Work request :: Restate the data word for word and leave the images out.

[Information supplied — start]

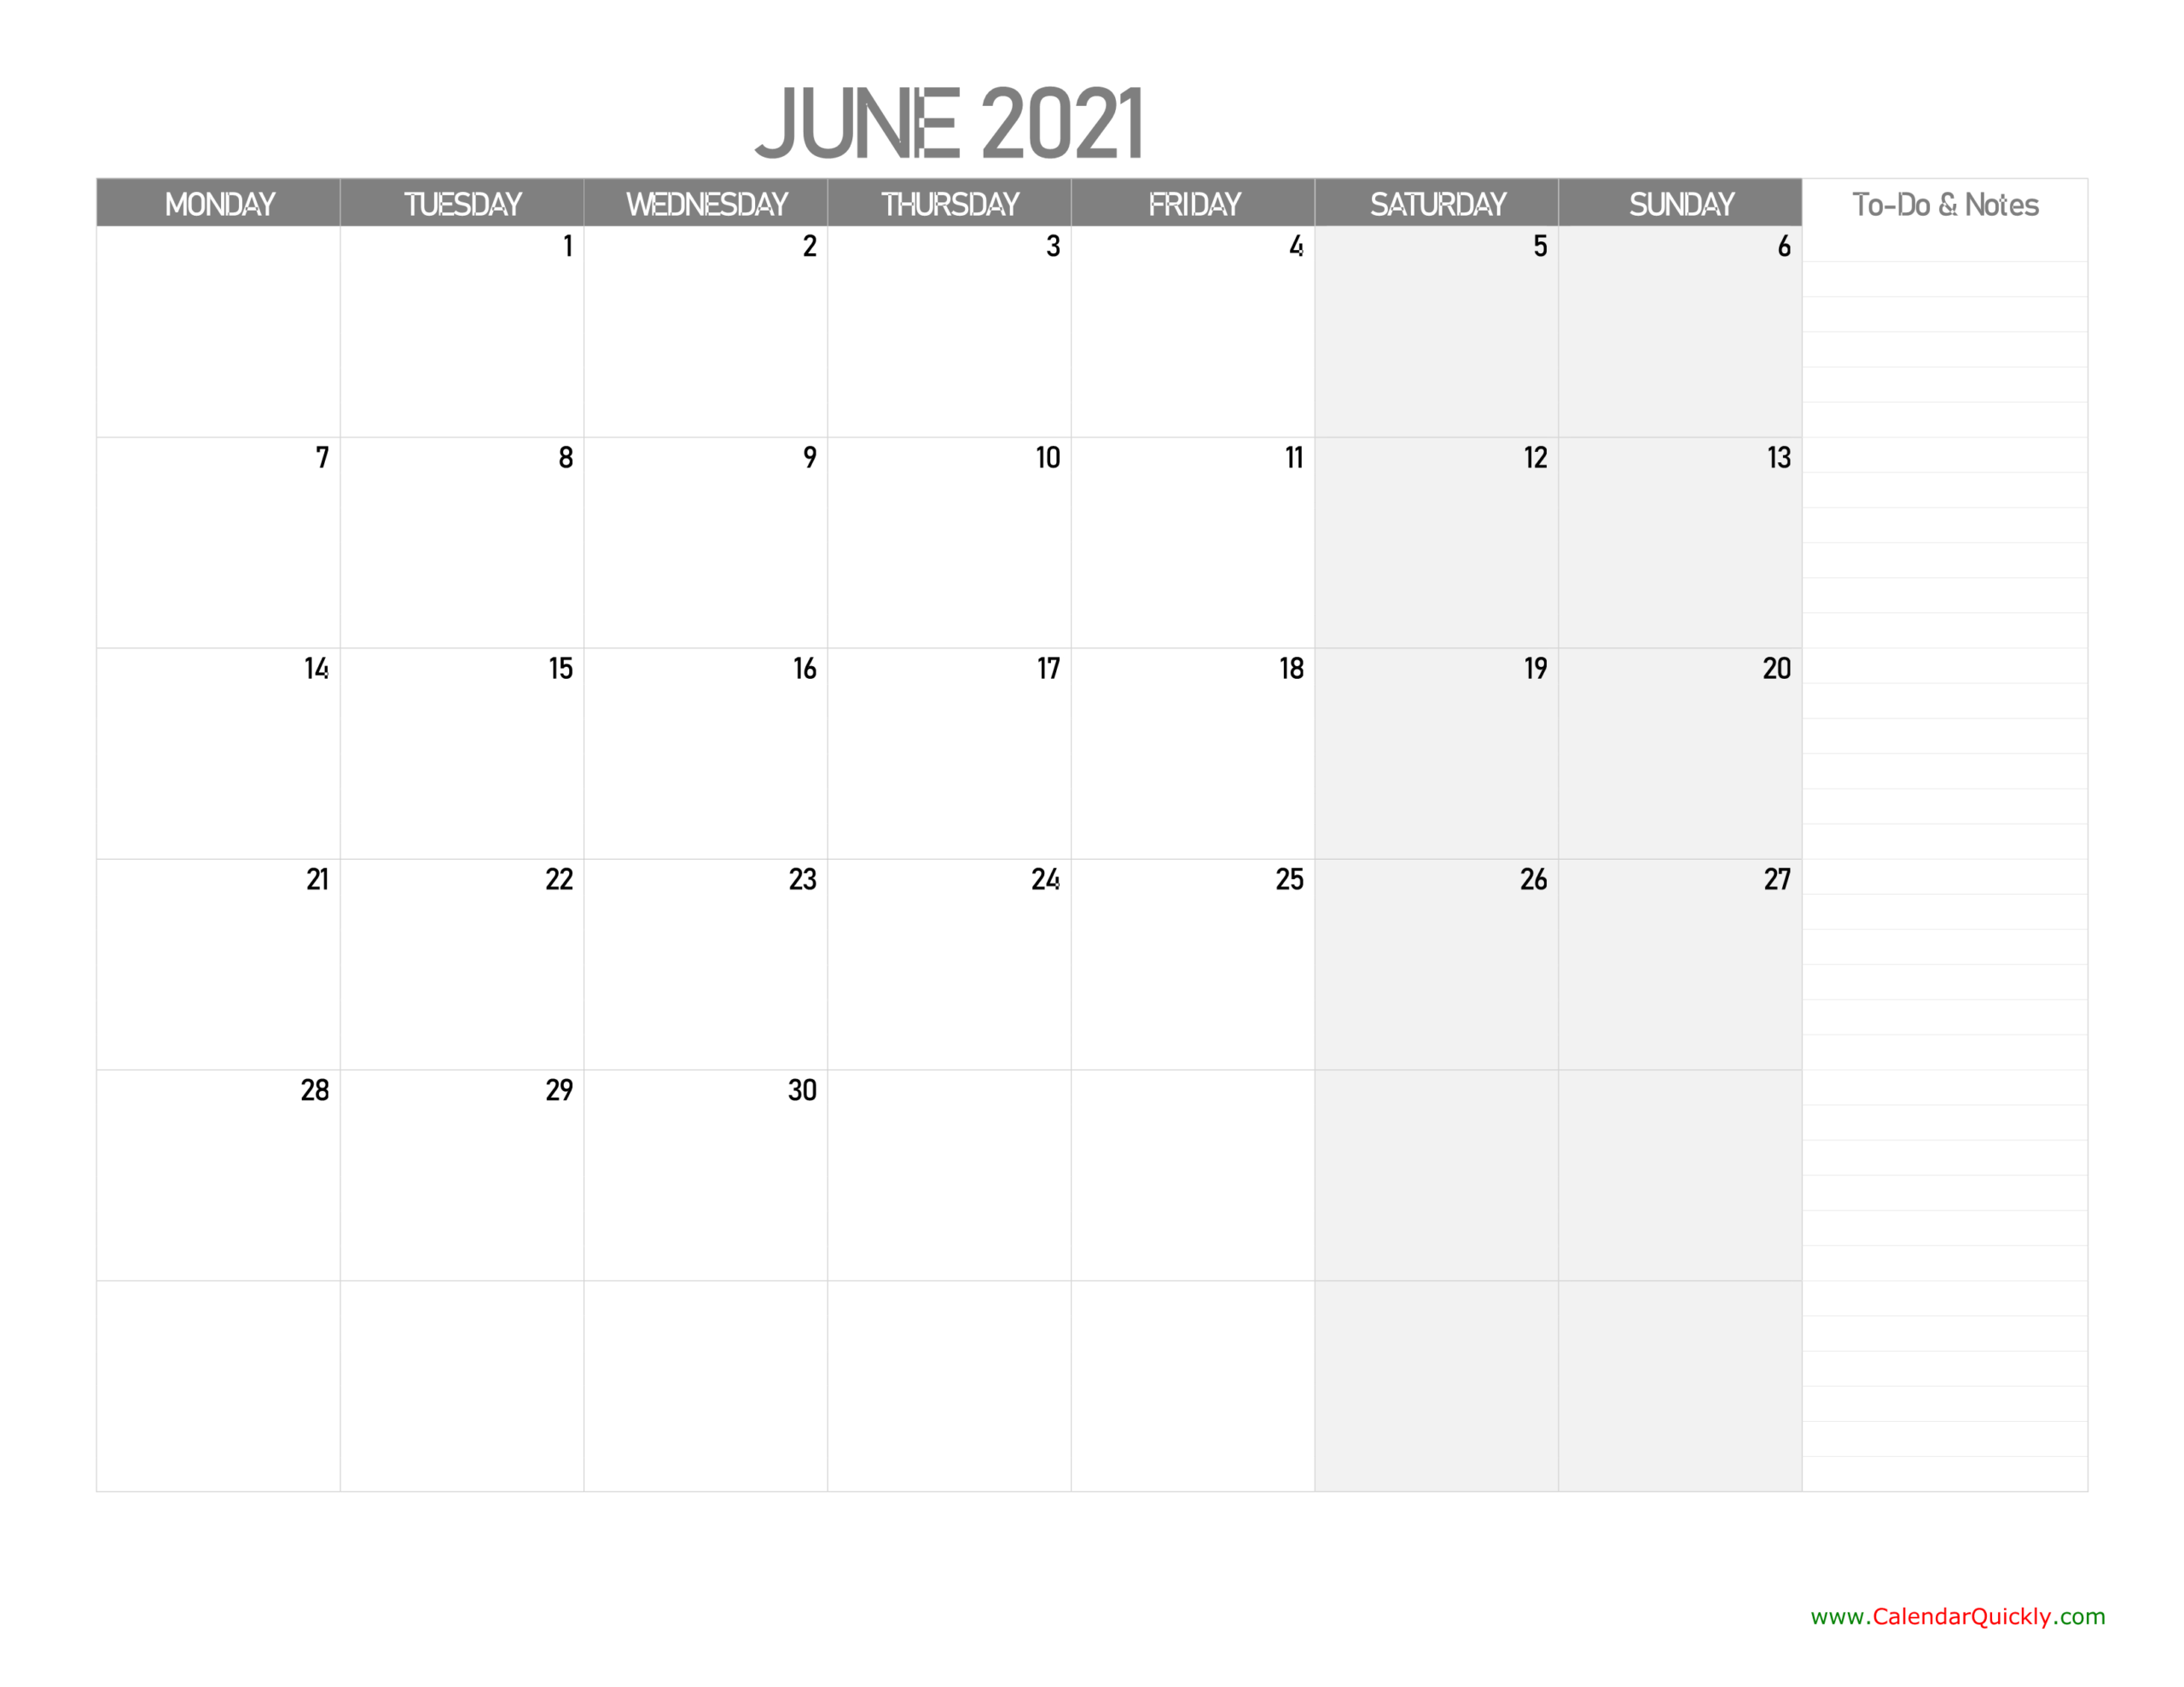 June Monday Calendar 2021 With Notes | Calendar Quickly-Printable Calendar Starting Monday 2021
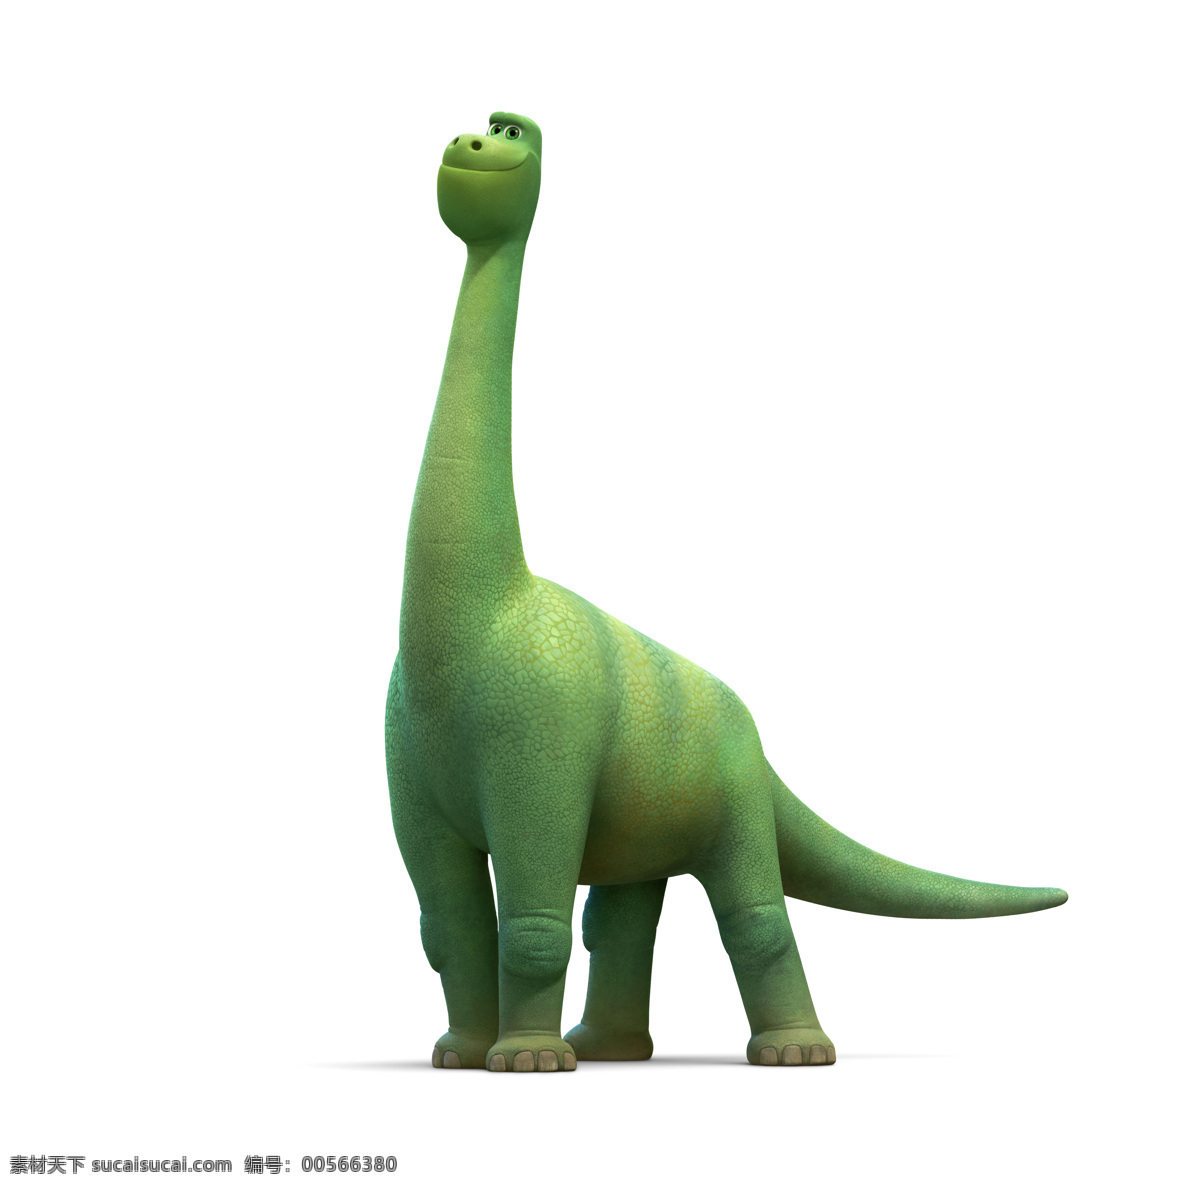 恐龙当家 恐龙与男孩 雷龙 善良的恐龙 恐龙世界 好恐龙 皮克斯 动画电影 pixar 动漫动画 动漫人物
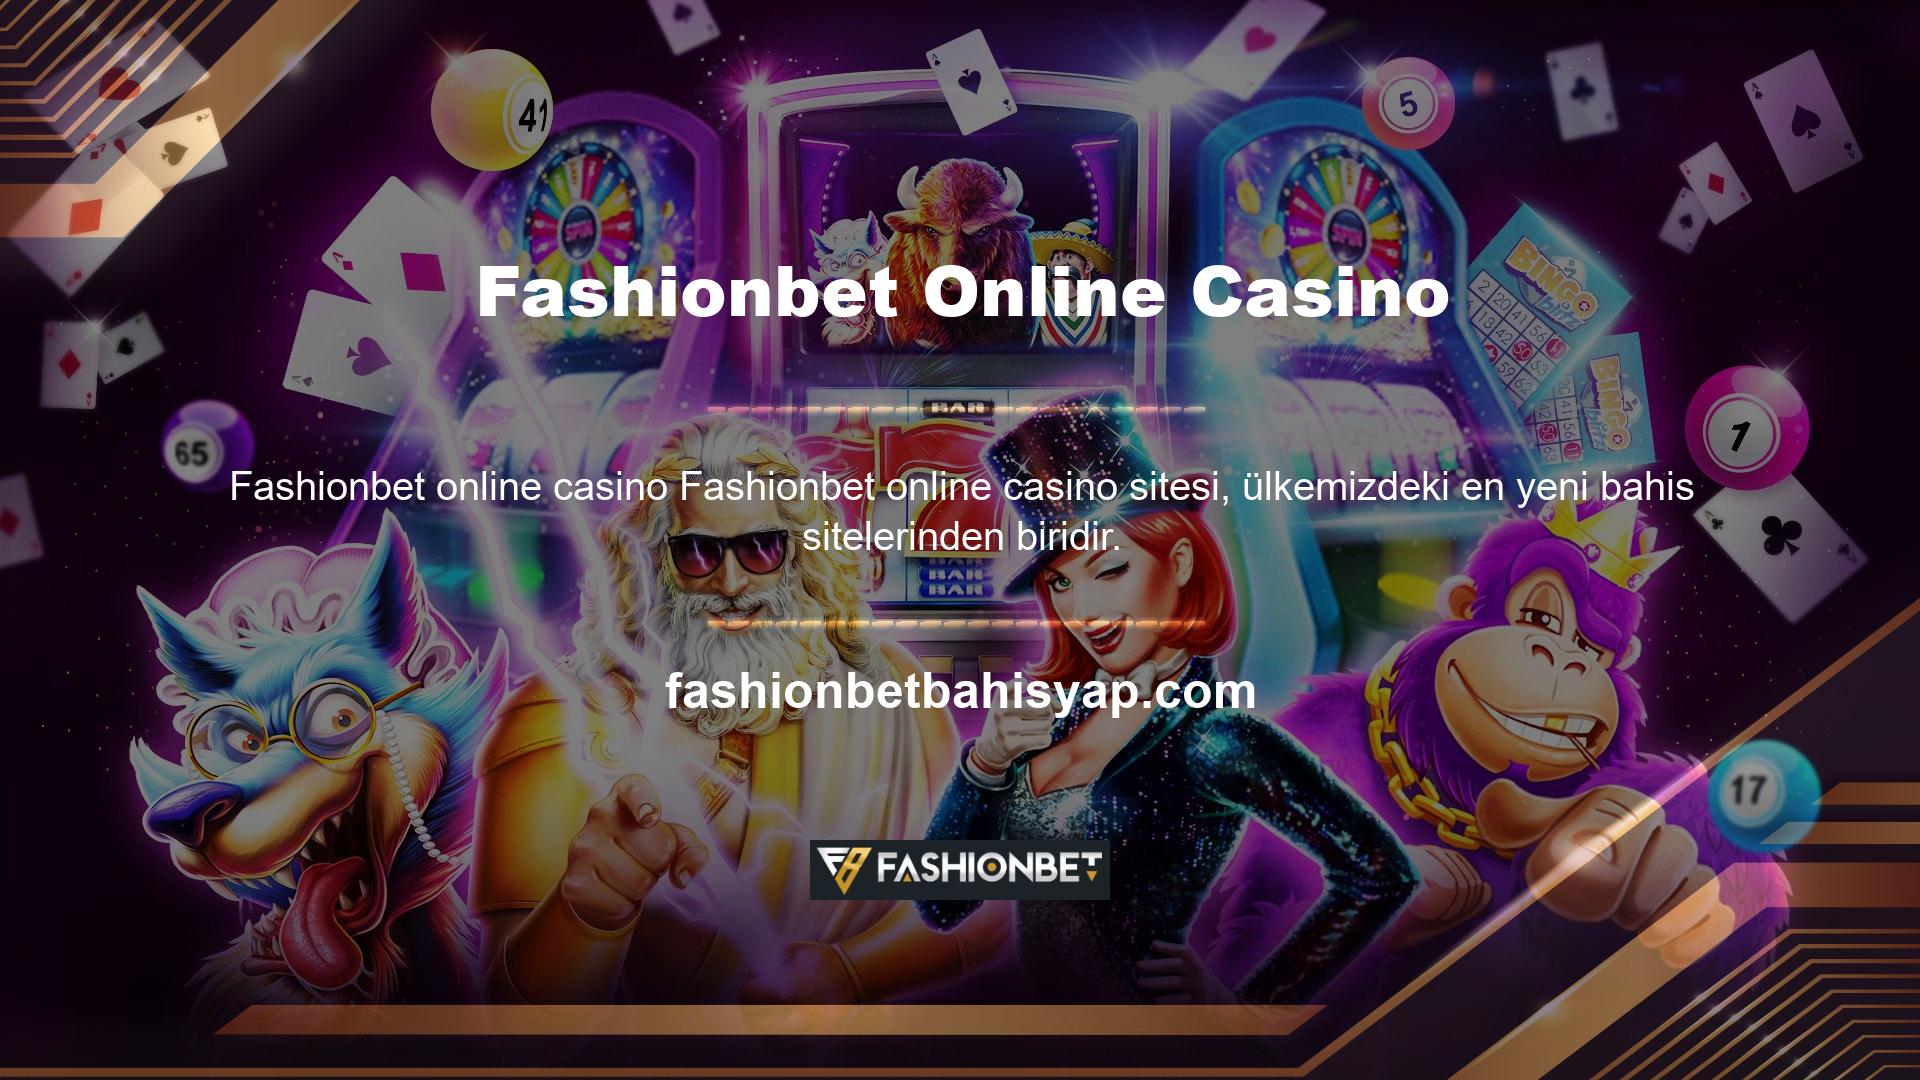 Türkiye, çevrimiçi casino endüstrisinde yenidir, ancak Türkiye çevrimiçi casino sektörünü iyi bilmektedir

[Information supplied — finish]

Result for this exercise ::
 June Monday Calendar 2021 With Notes | Calendar Quickly-Printable Calendar Starting Monday 2021
 恐龙当家 恐龙与男孩 雷龙 善良的恐龙 恐龙世界 好恐龙 皮克斯 动画电影 pixar 动漫动画 动漫人物
 Türkiye, çevrimiçi casino endüstrisinde yenidir, ancak Türkiye çevrimiçi casino sektörünü iyi bilmektedir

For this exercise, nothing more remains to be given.